*** Data provided ***

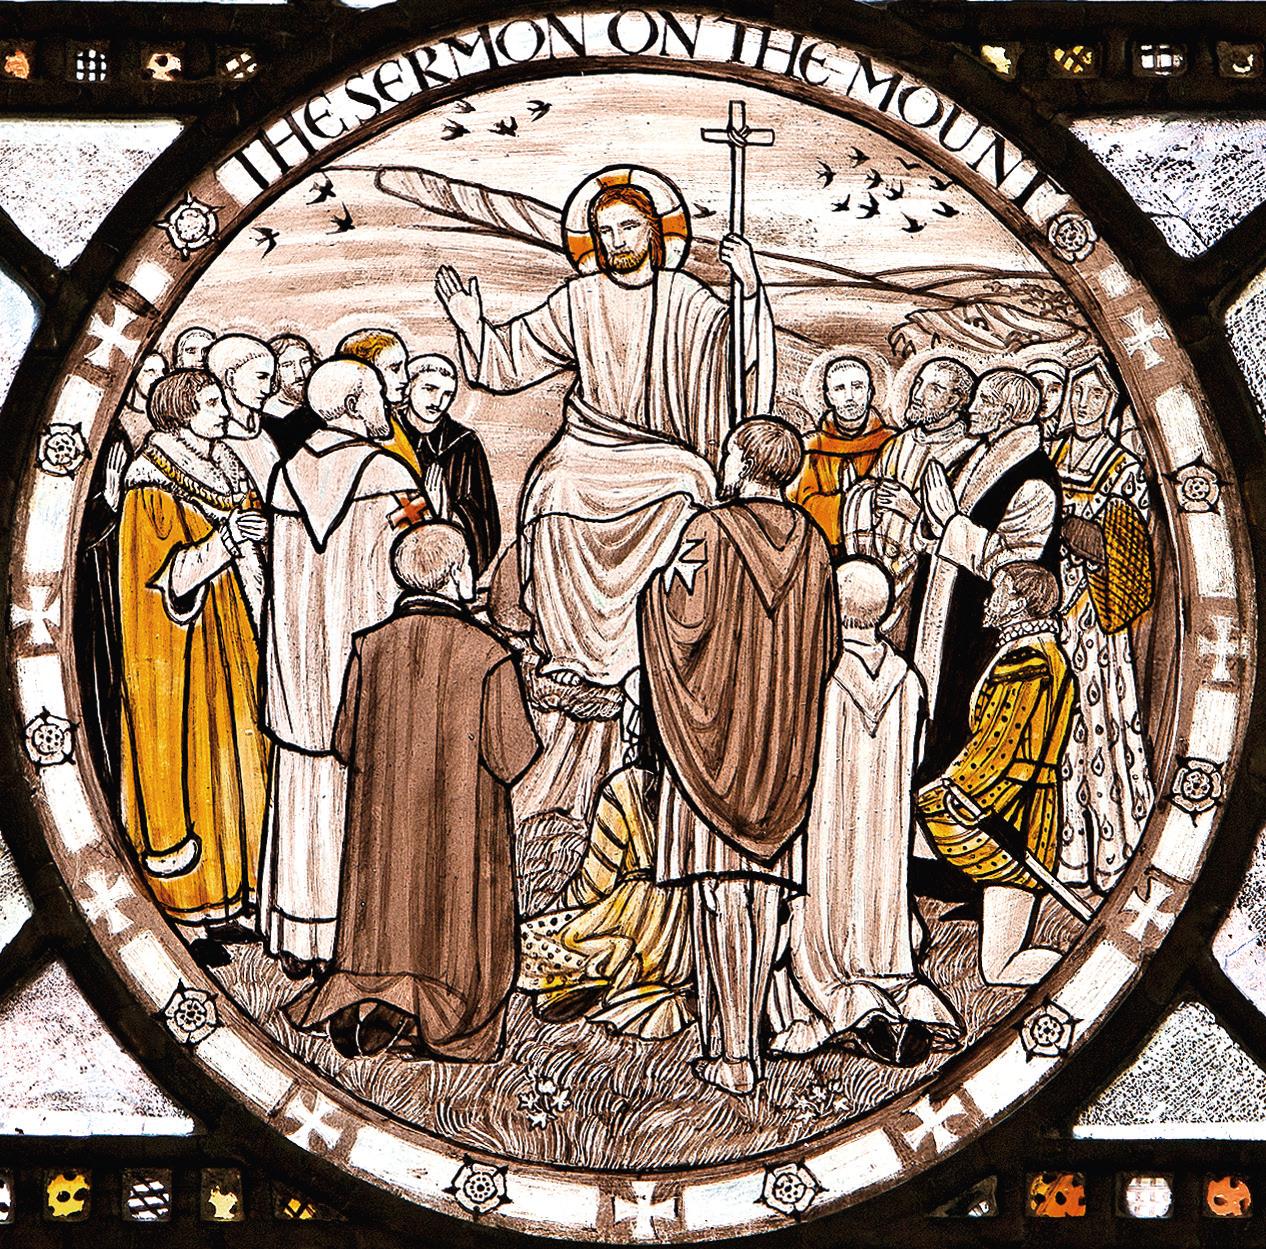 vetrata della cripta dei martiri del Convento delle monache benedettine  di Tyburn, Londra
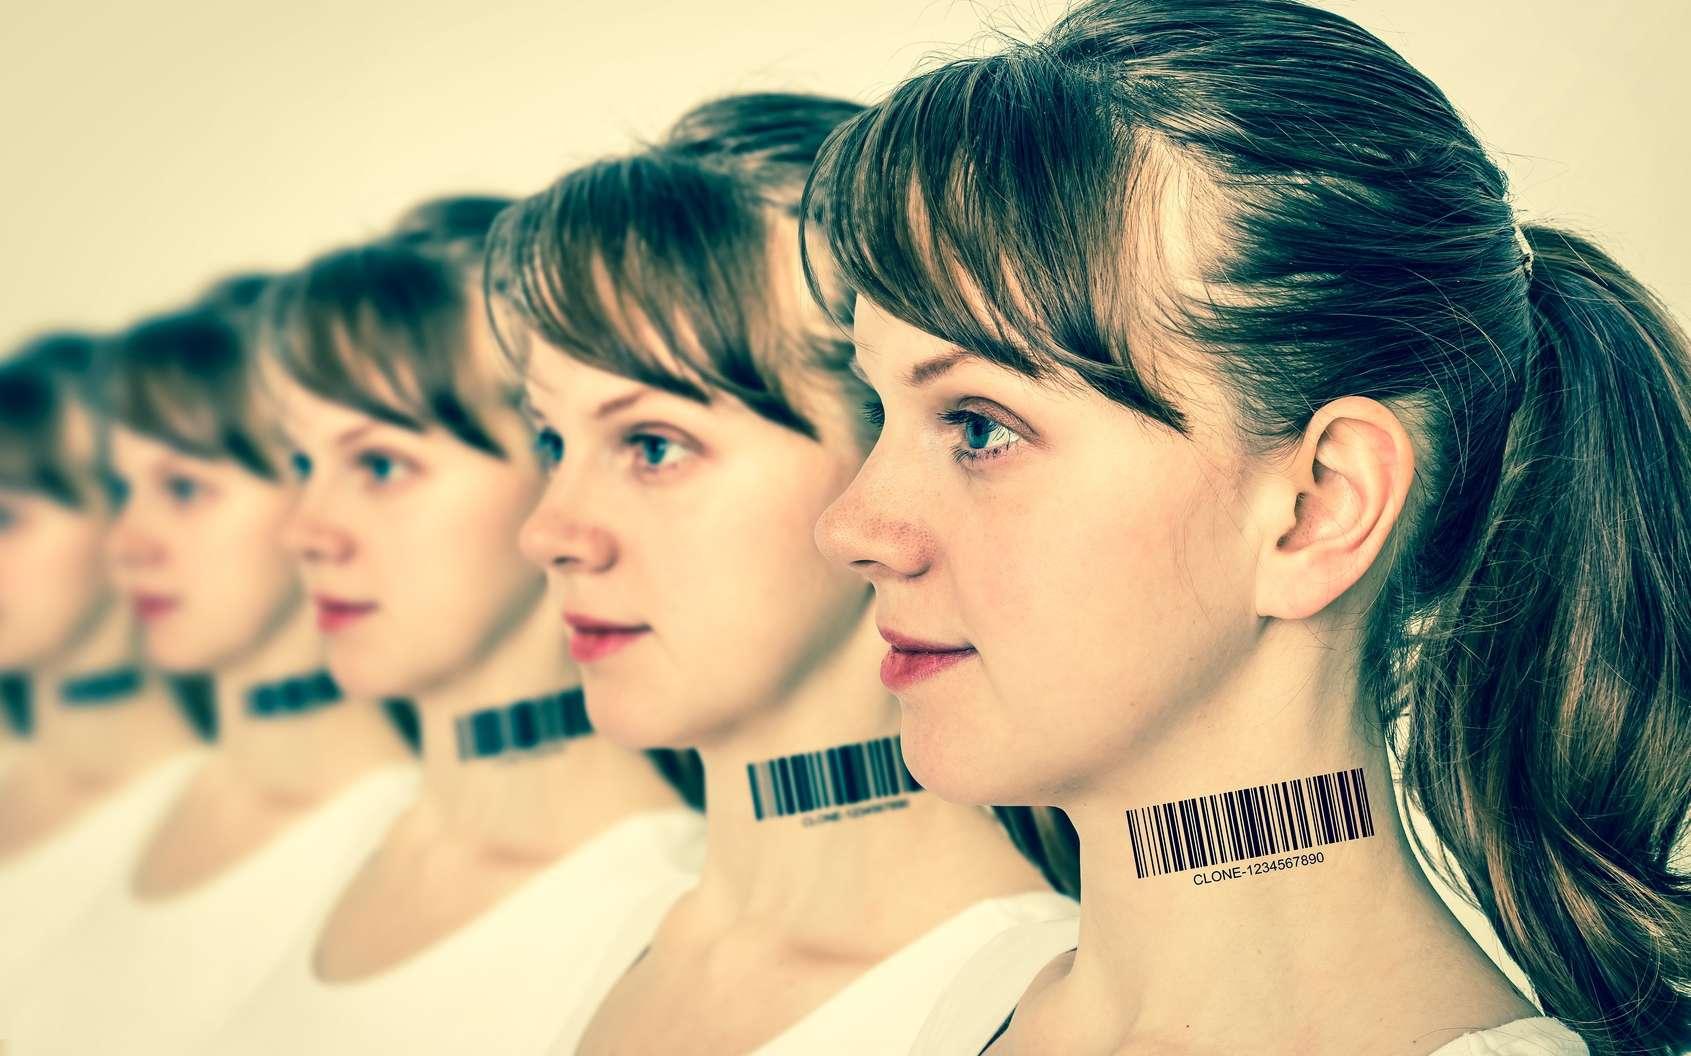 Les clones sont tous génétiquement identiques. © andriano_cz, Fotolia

***
*** Data provided ***

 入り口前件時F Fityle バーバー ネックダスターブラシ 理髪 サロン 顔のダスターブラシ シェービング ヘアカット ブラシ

***
*** Data provided ***

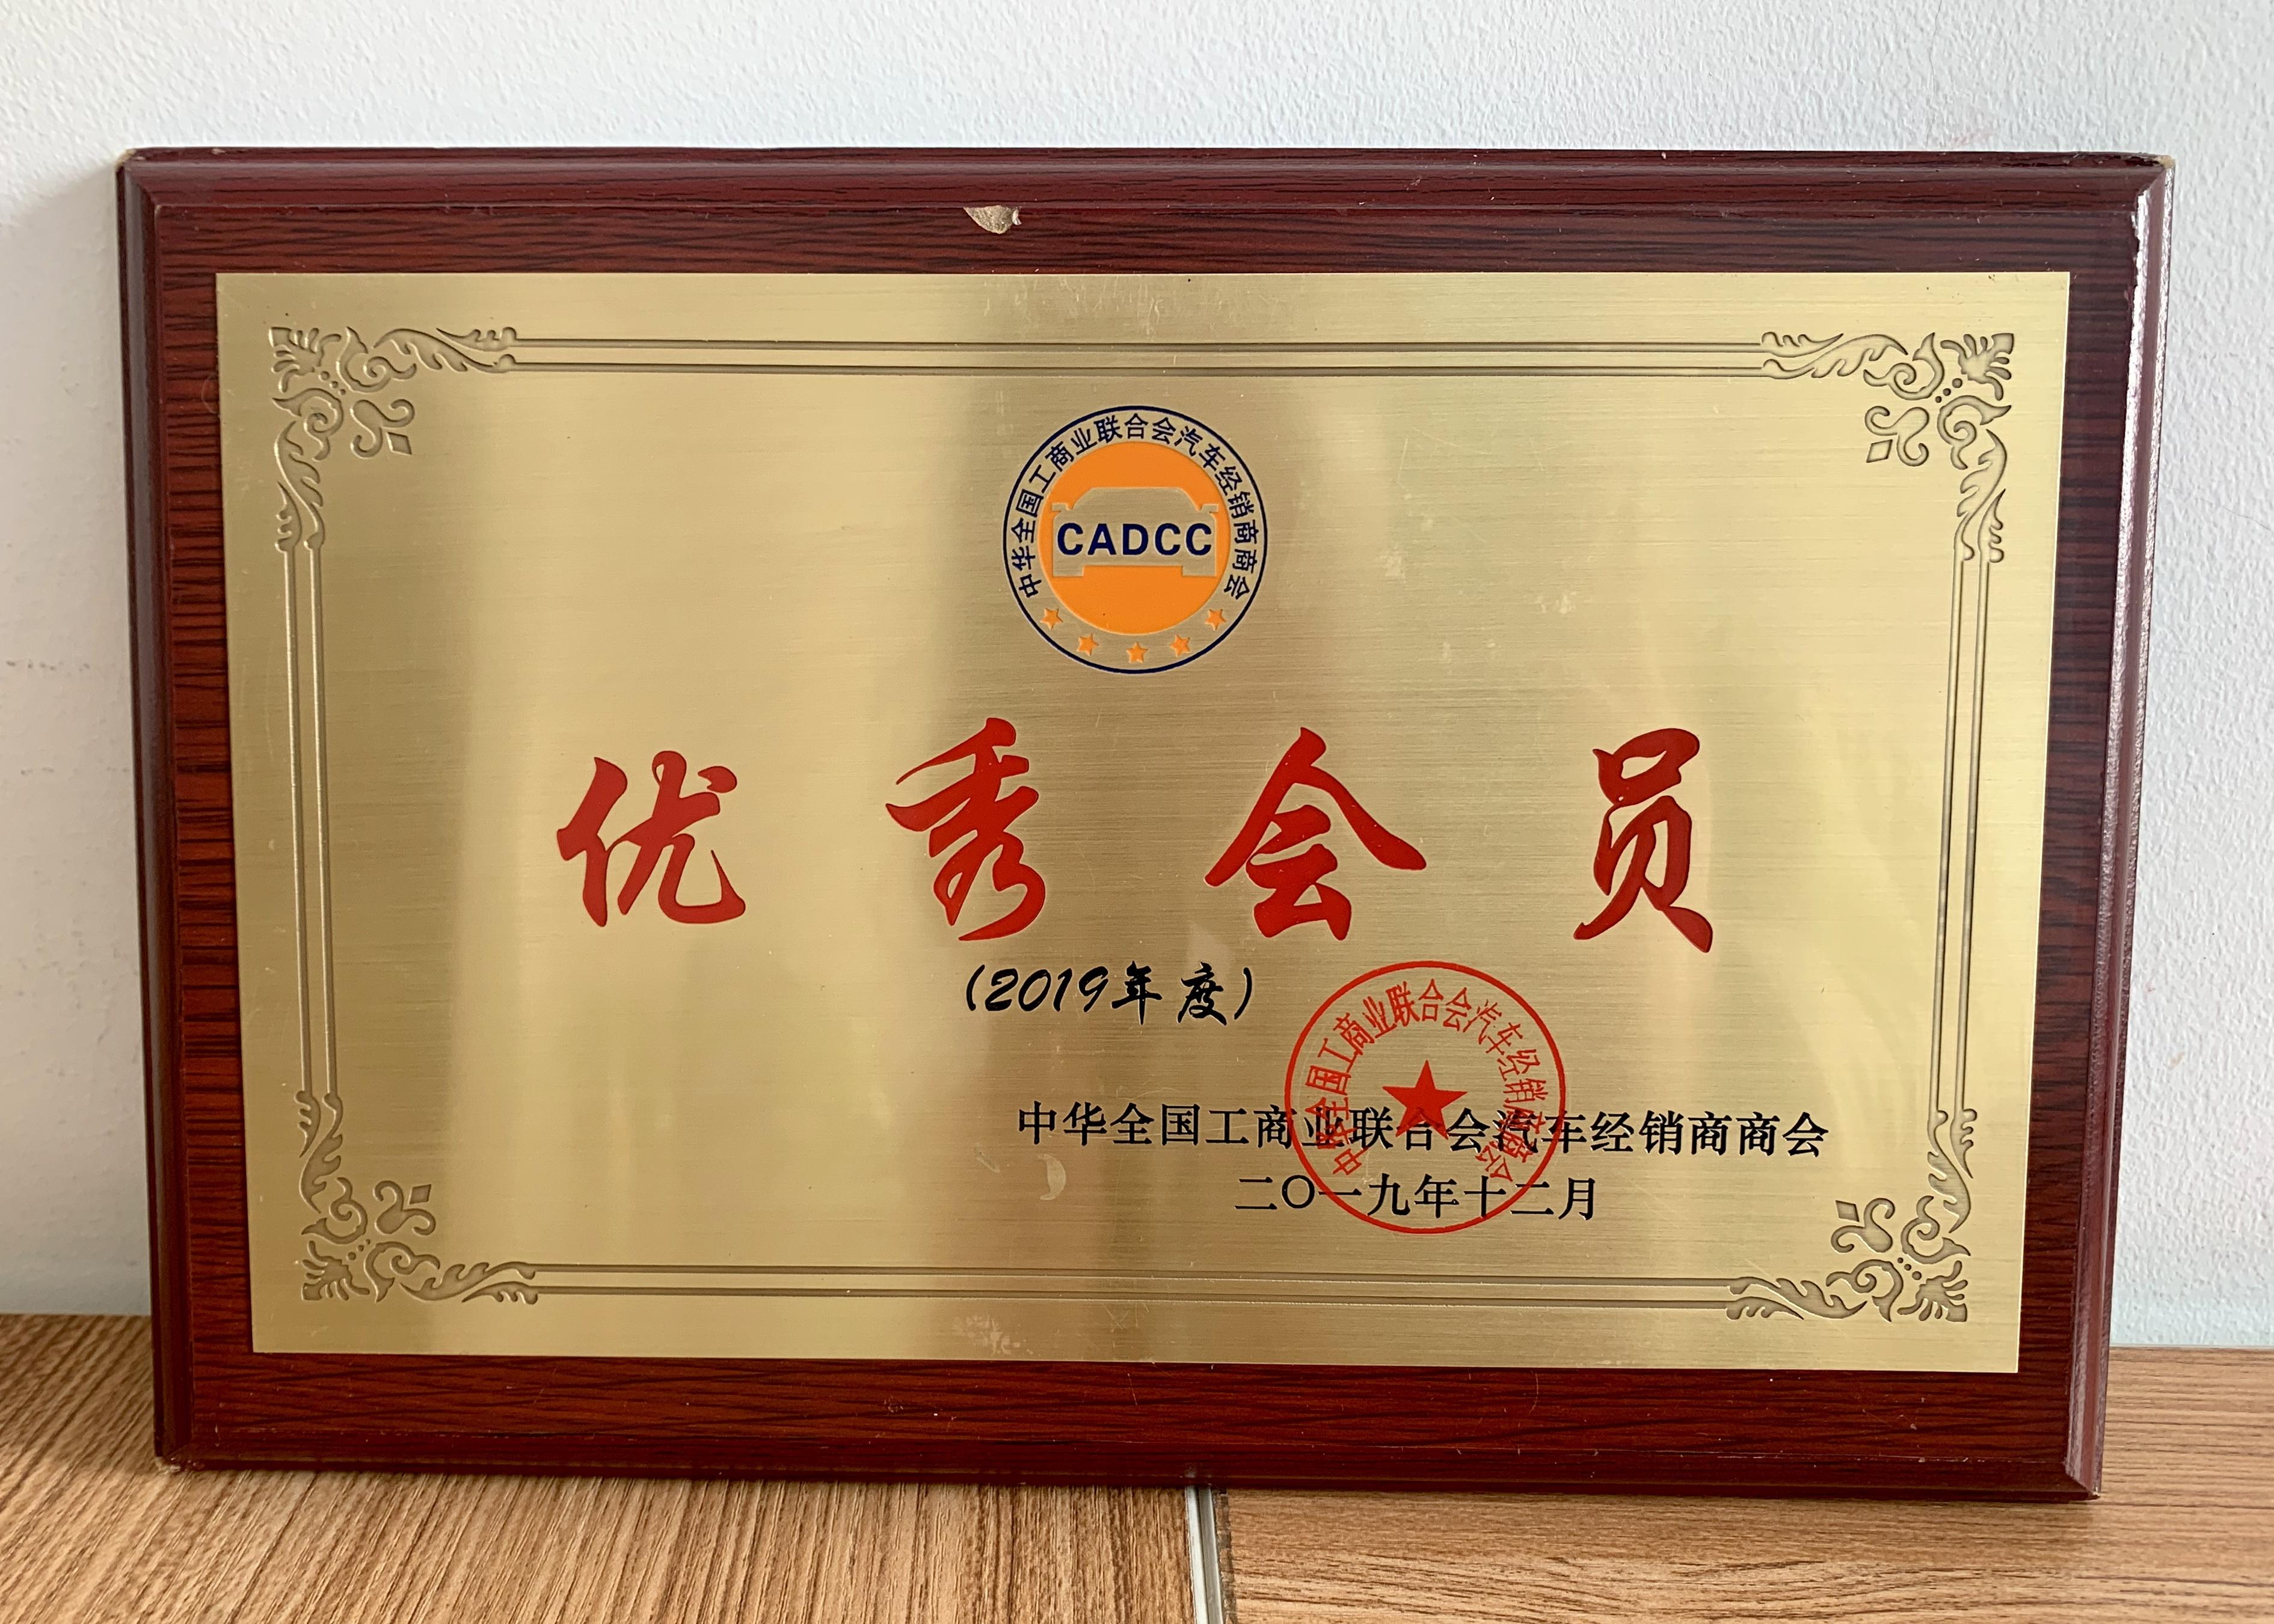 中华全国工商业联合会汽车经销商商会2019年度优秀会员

***

• Exercise: Leaving out each picture, repeat exactly the lines above from the one that contains "vetrata della cripta" through the one that contains "Les clones sont".

• Exercise answer:
 vetrata della cripta dei martiri del Convento delle monache benedettine  di Tyburn, Londra
 Les clones sont tous génétiquement identiques. © andriano_cz, Fotolia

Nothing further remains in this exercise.